The name of the totals variable is %totals. It is a hash. A hash is
like an array, but instead of using numbers as offsets it uses strings
as keys (it is also unordered). Elements in the hash are accessed by
giving the hash a key like this:
my %hash = (
foo => 10;
bar => 20;
);
my $scalar = $hash{foo}; #scalar is now 10
Hashes can only contain scalar values, but a reference to a hash (or
an array) is a scalar, so Perl mimics multi-dimensional data
structures using references. You can create hash references in many
ways. One common way is to use an anonymous hash reference:
my $hashref = {
foo => 10,
bar => 20
};
You can get at the values stored in a hash ref with the arrow operator:
my $scalar = $hashref->{bar}; #$scalar is now 20
So if I want a multi-dimensional hash I can declare it like this:
my %hash = (
foo => $hashref
bar => {
foo => 30,
bar => 40
}
);
I could get the first level like this
my $ref = $hash{foo}; #$ref is now a reference to $hashref
and the second like this
my $scalar = $ref->{bar}; #$scalar is now 20
You could also do it more directly like this
my $scalar $hash{foo}->{bar}; #$scalar is now 20
Now, this happens often enough and is fairly unambiguous, so Perl has
some syntactic sugar that lets drop the arrow operator between {} and
[] operators. So you could write the last example more clearly as
my $scalar $hash{foo}{bar}; #$scalar is now 20
In addition, Perl also has something called auto-vivification that
causes hash references to auto-magically come into existence when
needed, so I can say
my %hash;
$hash{foo}{bar} = 10;
and the hash reference needed to store the second level will
auto-magically come into existence. This is how
$total{$year}{$month}{tmax} += $tmax;
works. It is creating a three level deep hash and storing the totals
in the last level.
snip
> Therefore, if I want the sum of tmax, I'm not sure what is holding
> the total of tmax. Is it $tmax, or $totals{$year}{$month}{tmax}?

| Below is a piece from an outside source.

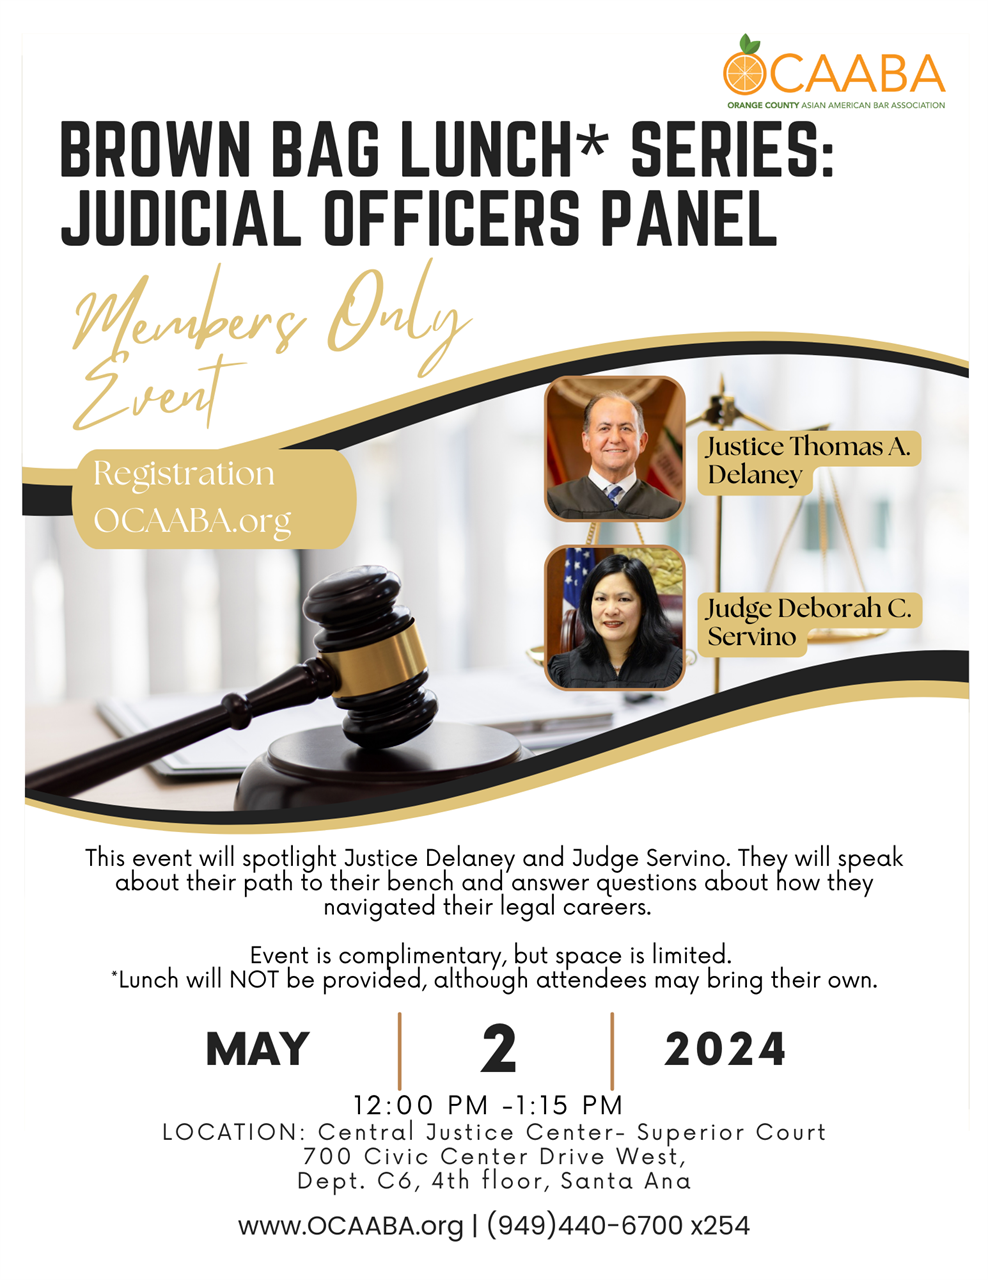 This event will spotlight Justice Delaney and Judge Servino. They will speak about their path to their bench and answer questions about how they navigated their legal careers. Event is complimentary, but space is limited. *Lunch will NOT be provided, although attendees may bring their own.

> The same goes for count. What is the holding the count?
snip
After the loop finishes the sum of all of the tmax fields for a given
year and month will be in
$total{$year}{$month}{tmax}
where $year is the year you want and $month is the month you want.
> I guess I'm just used to the very simple $ as defining the scalar.
$ does is the sigil associated with scalar values, which is why, in
Perl 5, you also see them when referring single element (which is a
scalar) in an array or hash (you see @ when referring to multiple
values, as my solution did frequently).
snip
> SImilarly, if I want the average of $tmax, then I would want to
> divide $totals{$year}{$month}{tmax} by $totals{$year}{$month}{count}
snip
Yes.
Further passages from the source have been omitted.